For the entries below, copy exactly the line that contains "Mycard储值活动详细流程指南-登录后进行点数储值.png" through the line that contains "Sono-Roll Plan Printing Paper / Plotter Roll", both ends included, and exclude all pictures.

___ Supplied data ___

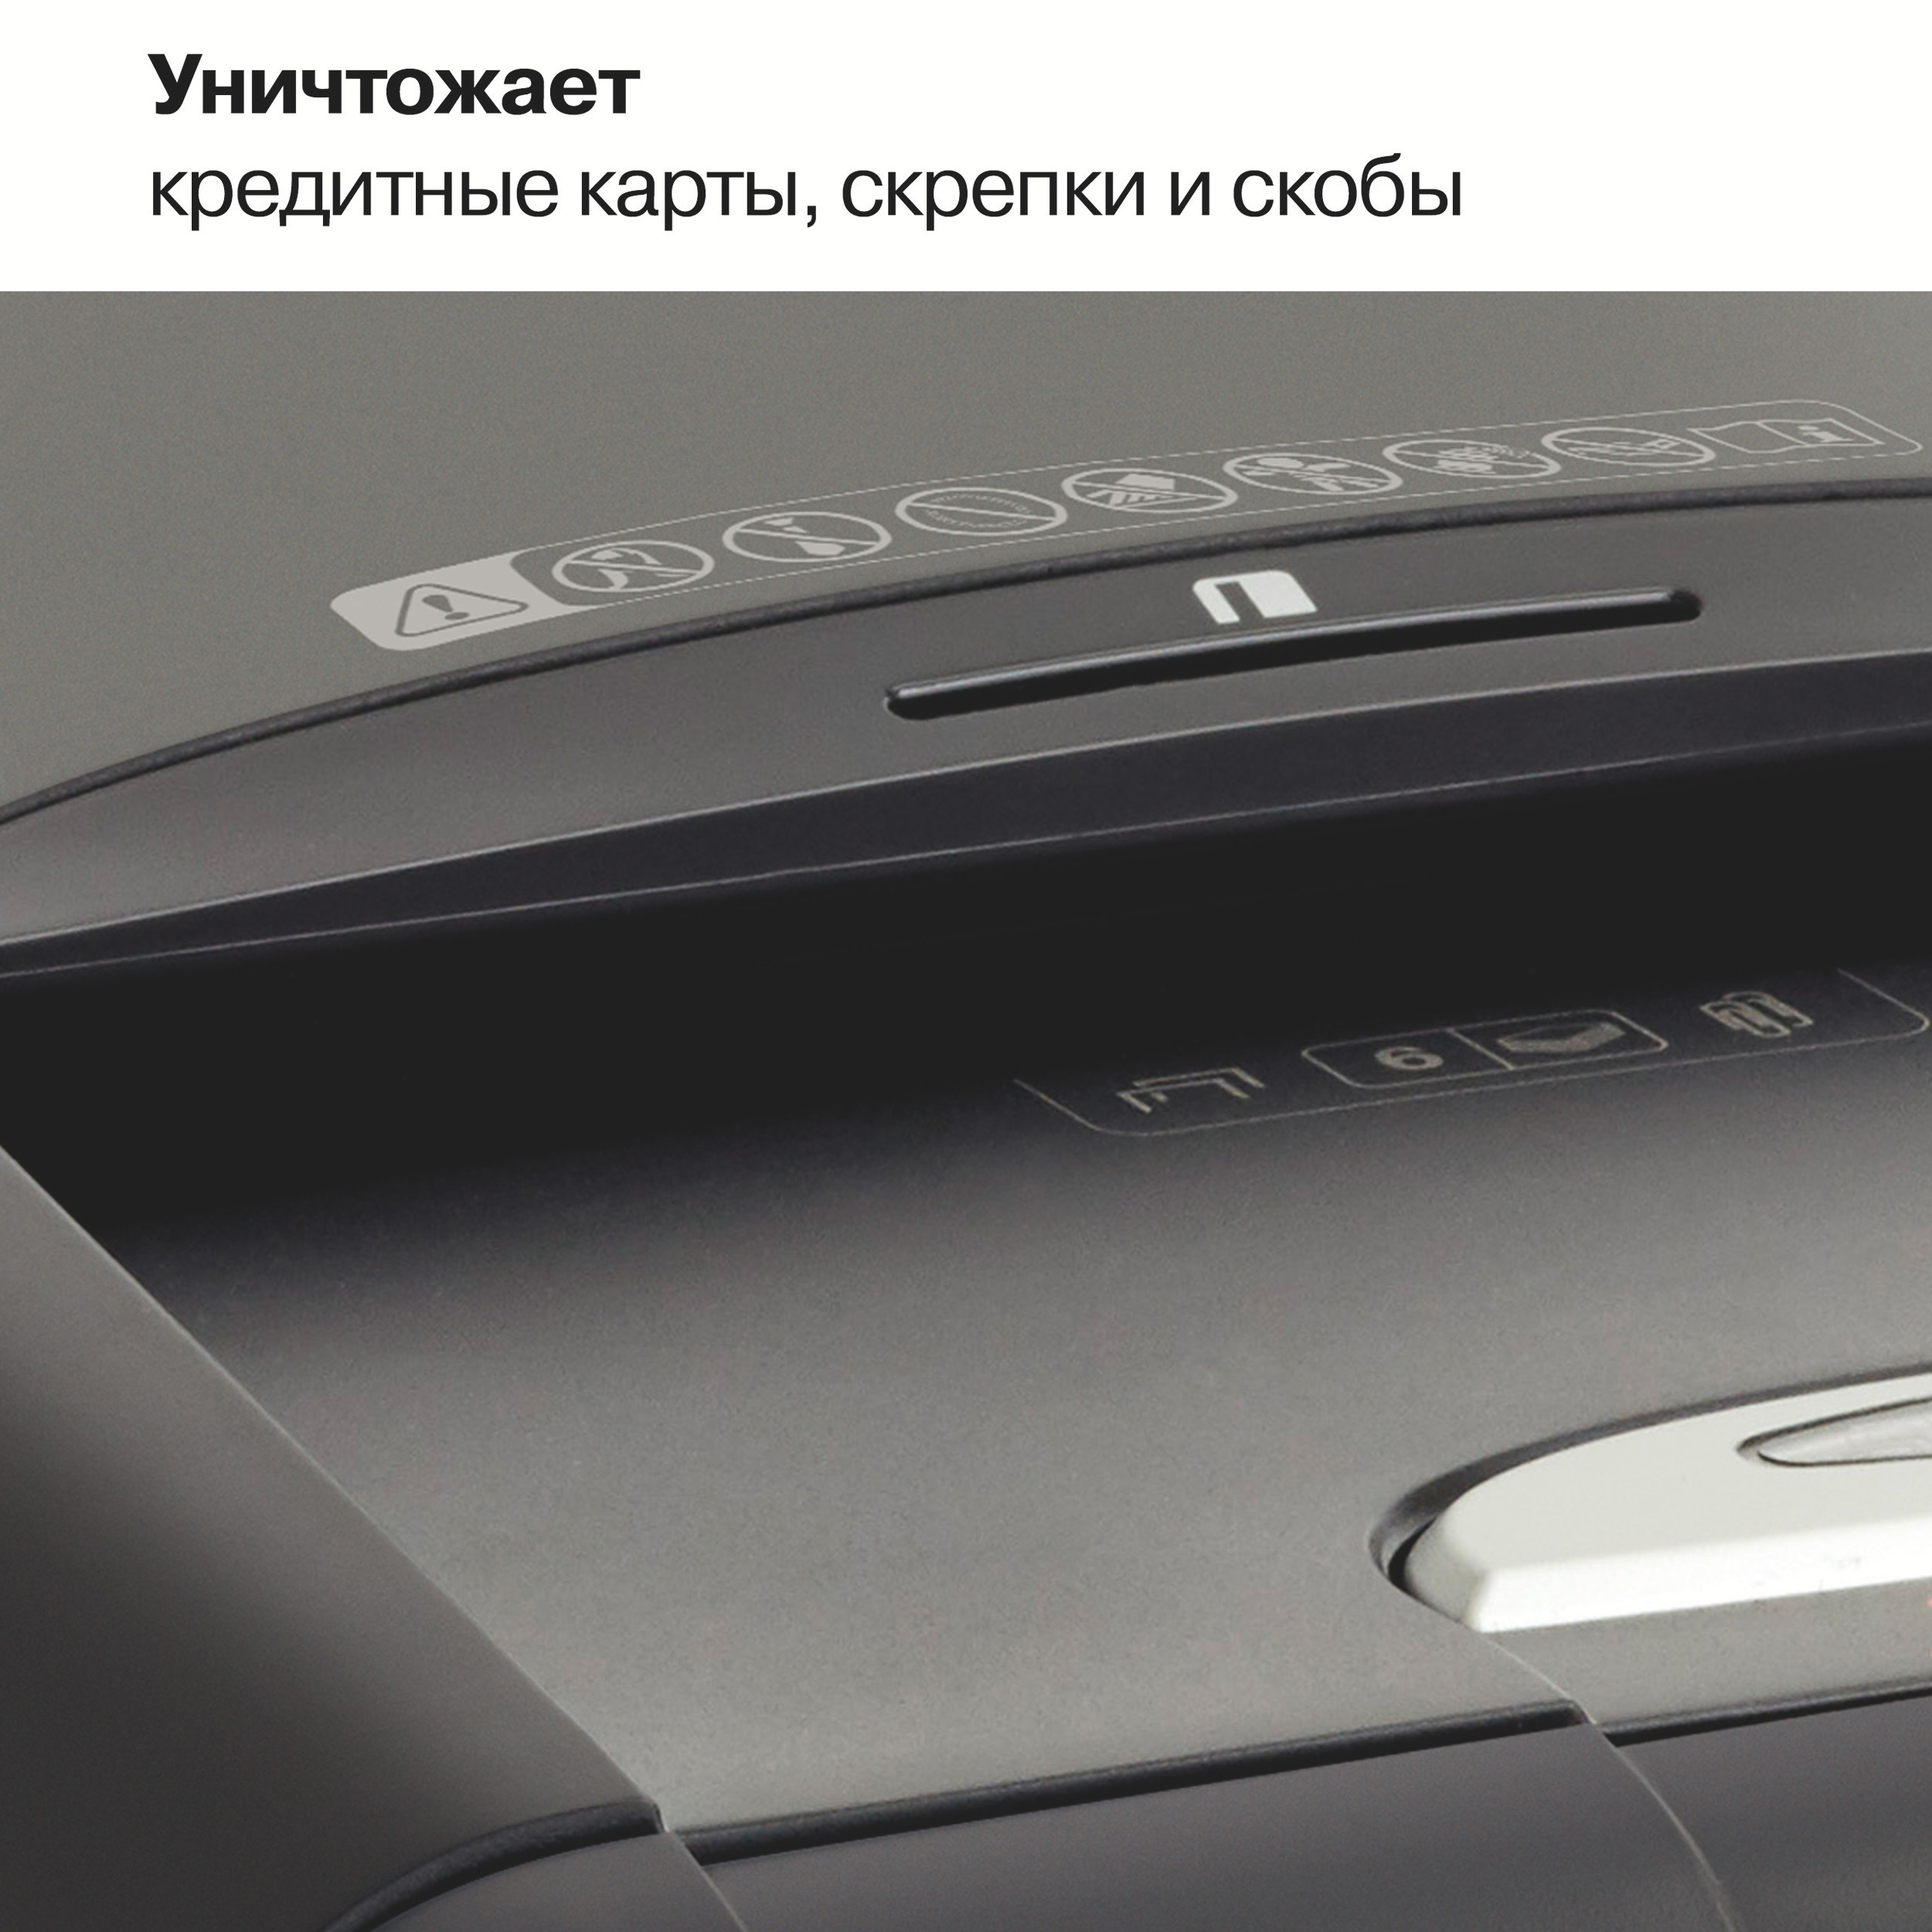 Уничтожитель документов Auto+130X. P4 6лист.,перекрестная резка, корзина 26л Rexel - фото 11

___
___ Supplied data ___

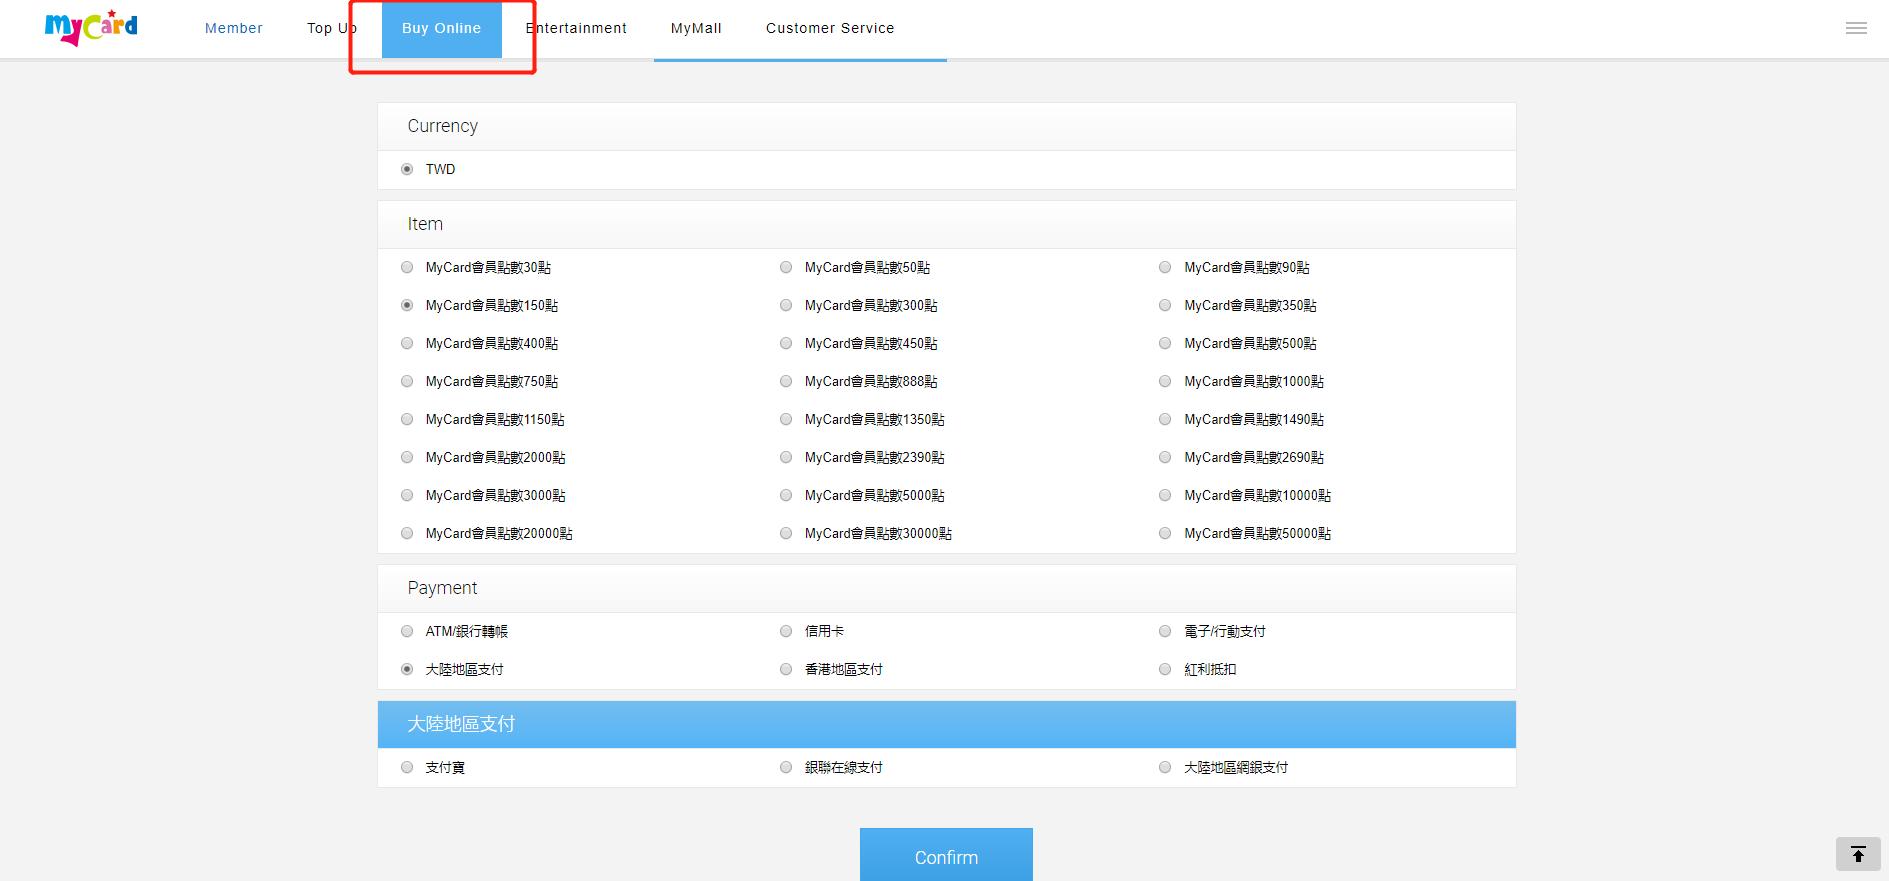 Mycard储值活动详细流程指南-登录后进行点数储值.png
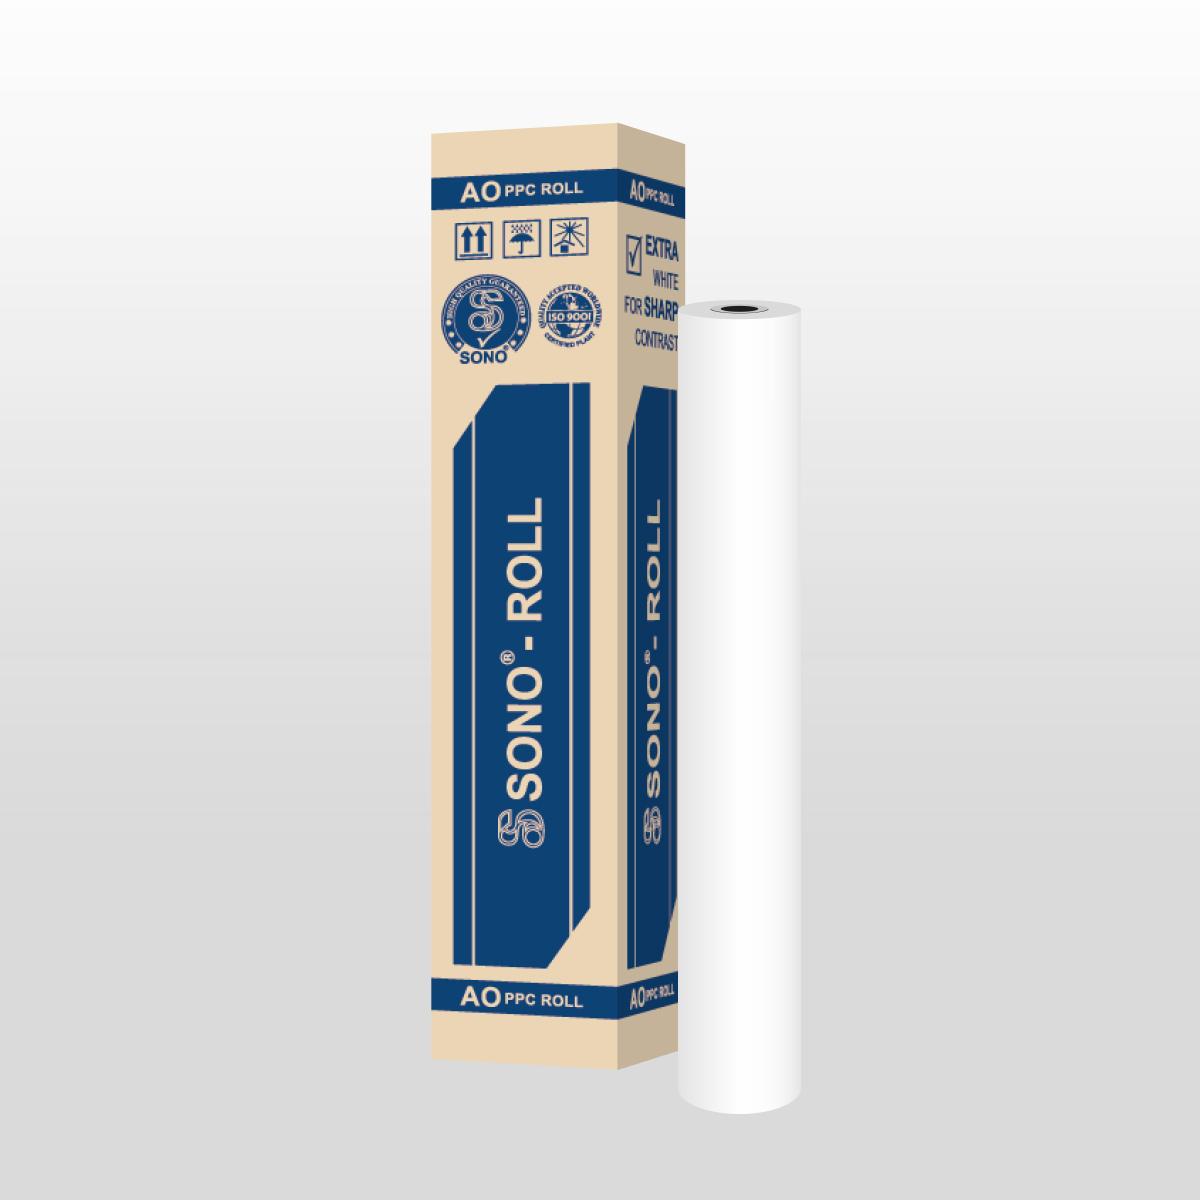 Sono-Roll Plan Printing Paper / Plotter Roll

___
___ Supplied data ___

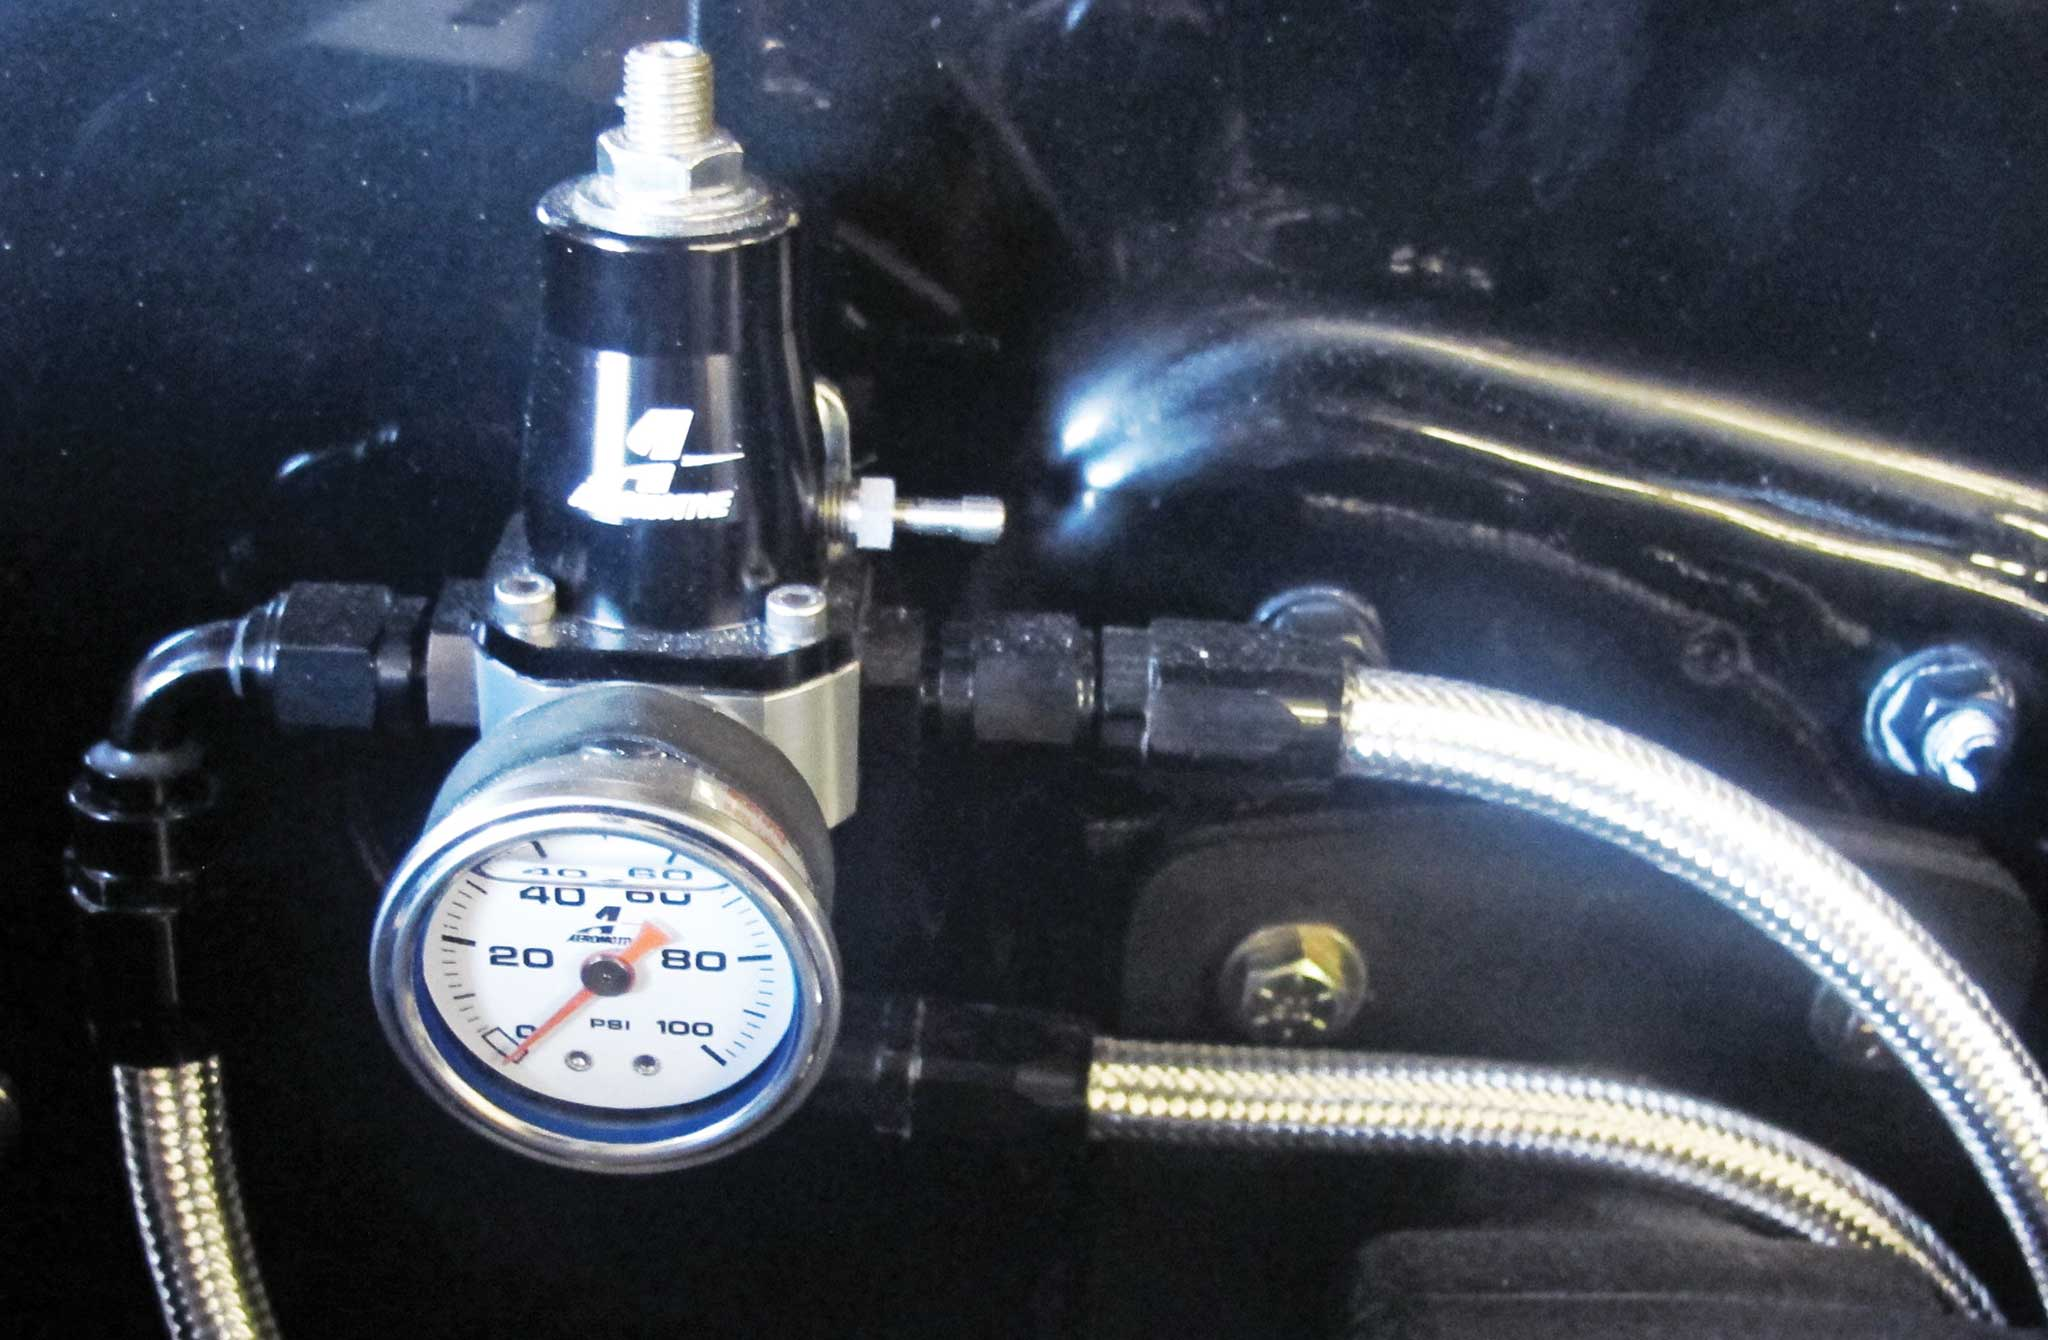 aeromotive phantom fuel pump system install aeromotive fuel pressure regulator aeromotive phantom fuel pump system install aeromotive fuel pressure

___

= Output below =
 Mycard储值活动详细流程指南-登录后进行点数储值.png
 Sono-Roll Plan Printing Paper / Plotter Roll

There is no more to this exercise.